Marie-Noëlle Lötscher enseigne depuis 1979. Elle change de niveau en 2013 pour s’occuper d’une classe enfantine (1-2P) après avoir enseigné de longues années en 3 4P.Dans sa carrière, elle a été confrontée plusieurs fois au deuil: deux suicides de papa d’élèves et le décès par maladie (cancer) d’un camarade de la classe parallèle qu’une partie de ses élèves avait côtoyé. Ce dernier évènement a été plus difficile à gérer au niveau émotionnel que les deux premiers. L’enfant décédé avait 7 ans ce qui a généré beaucoup d’angoisse auprès des élèves de sa classe. Dans sa vie privée, elle a accompagné son père dans ses derniers jours quand celui-ci avait émis le désir de mourir à la maison.
Sabrina Meylan enseigne en 5-6P depuis 2000. Elle observe que ses élèves parlent volontiers des deuils qu’ils vivent (la mort d’un papa, d’un grand-parent, d’un animal, d’un proche,…). En 2009, elle a été confrontée au décès d’une ancienne élève avec qui elle avait gardé contact et qui a perdu la vie dans un accident de la route. En 2010, elle a suivi une formation CARITAS « Accompagnement à la vie ». Elle est bénévole dans cette association. Elle effectue régulièrement des accompagnements de personnes âgées ou de jeunes en fin de vie. Elle a aussi participé à un stage auprès d’enfants malades en février 2014 à l’école du CHUV. Du point de vue personnel, elle a perdu un ami proche lors d’un accident de voiture et entretient, à présent, des relations d’amitié avec ses parents.

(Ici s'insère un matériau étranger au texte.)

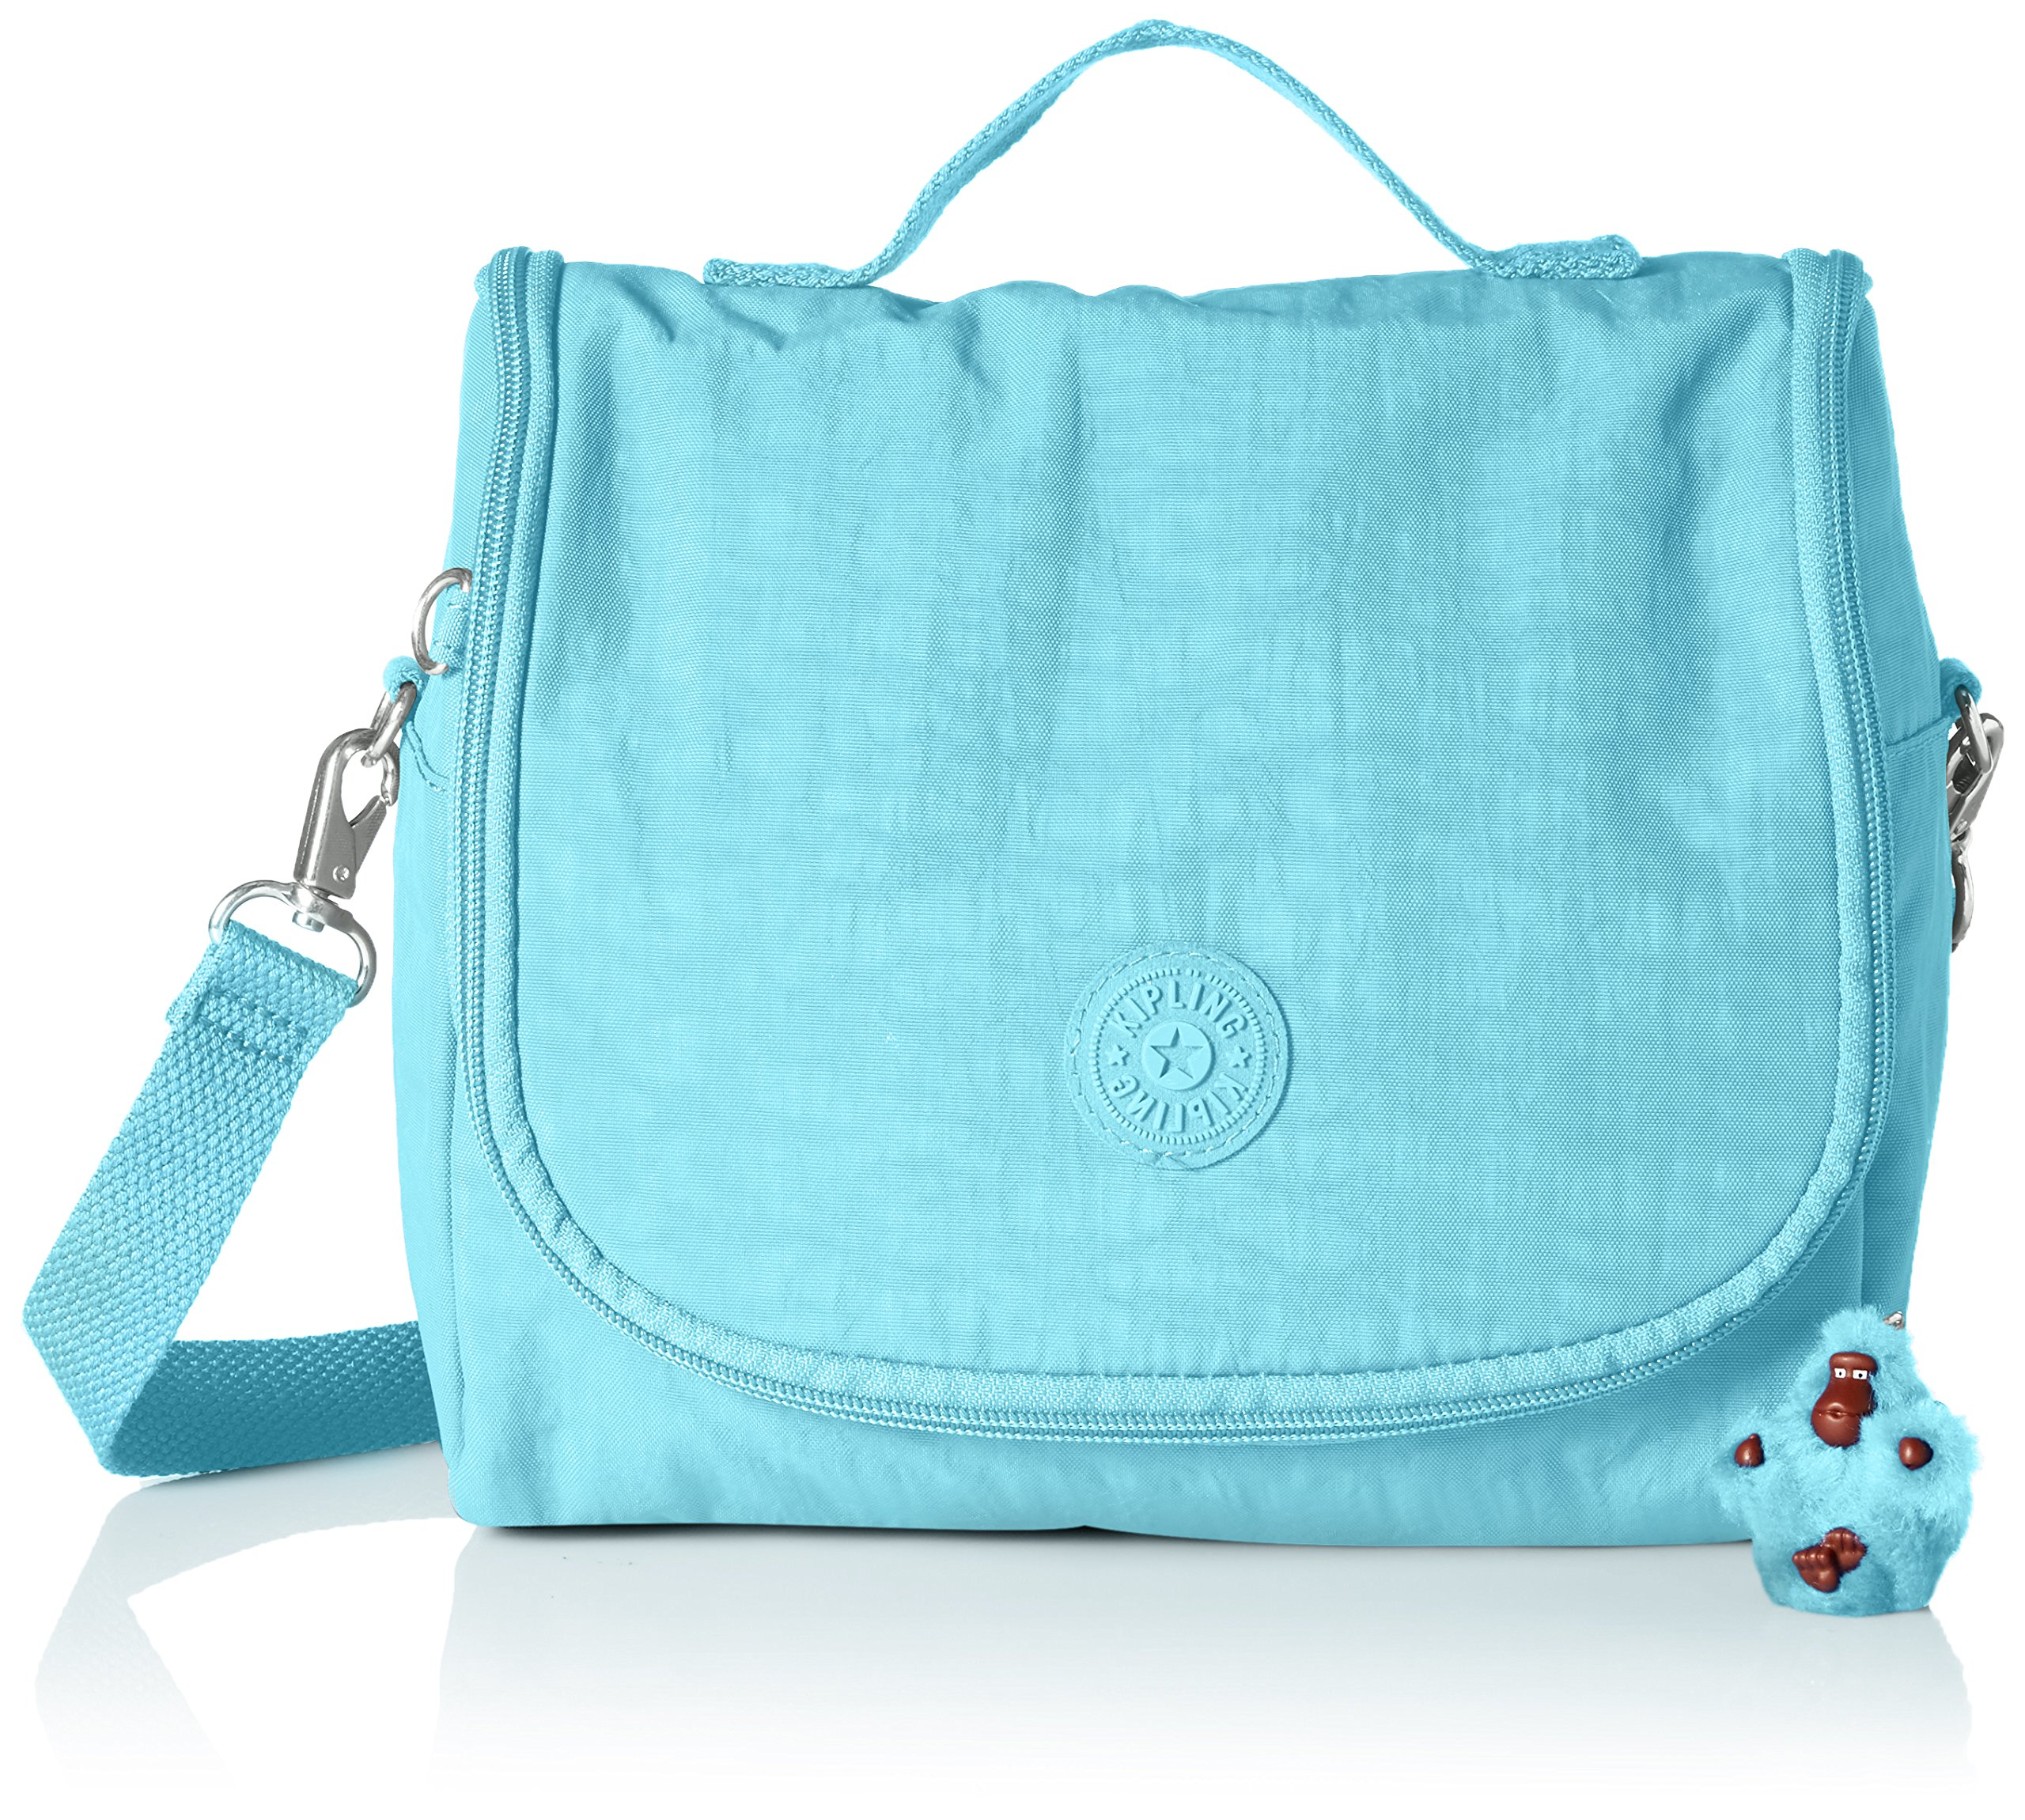 Kipling Kichirou Blue Splash Insulated Lunch Bag, Bluesplash

Définition du concept « représentation »

  Les dictionnaires le Petit Robert (1991) et le Larousse1 donnent une définition large de ce terme : « action de mettre devant les yeux ou devant l’esprit » ou « perception, image mentale, etc., dont le contenu se rapporte à un objet, à une situation, à une scène, etc., du monde dans lequel vit le sujet ».Jodelet (1989) définit de manière plus précise ce qu’est la représentation sociale. Il s’agit d’une forme de connaissance spécifique, d’un savoir de sens commun généré par des processus mentaux socialement marqués. Elle parle de pensées sociales car ces dernières sont orientées vers la communication, la compréhension et la maîtrise de l’environnement social, matériel et idéal. Cette construction de pensée est dépendante du contexte dans lequel le sujet se trouve et de ses  interactions avec le monde et les autres. Abric (2011) s’interroge sur la structure des représentations sociales. Selon lui, elles reposent sur l’existence d’un noyau central, élément stable et partagé, et celle d’éléments périphériques susceptibles de variations. Ces représentations sociales peuvent être étudiées globalement comme des contenus dont les dimensions (informations, valeurs, opinions…) sont coordonnées par un principe organisateur (attitude, normes…). Elles peuvent aussi être analysées de manière focalisée comme des structures de savoir organisant l’ensemble des significations relatives à l’objet concerné. Les représentations se construisent s’il y a interactions sociales ou lorsque le sujet est face à un stimulus social. Elles contiennent les idées, les valeurs et les modèles du sujet et de son groupe d’appartenance. Elles sont le reflet des idéologies, des codes sociaux et des valeurs véhiculées par la société. Surtout, elles sont représentatives du sens que le sujet donne à son expérience mais aussi de schèmes de pensée socialement établis (Jodelet, 1989).Ainsi, l’expérience de vie quotidienne offre à l’enfant une palette de souvenirs sensoriels, affectifs et cognitifs qui seront stockés dans sa mémoire. Cela constitue une base de données dans laquelle les réalités subjectives et objectives se confondent encore mais sur laquelle l’enfant pourra édifier ses premières représentations de la mort (Hofer, 2004).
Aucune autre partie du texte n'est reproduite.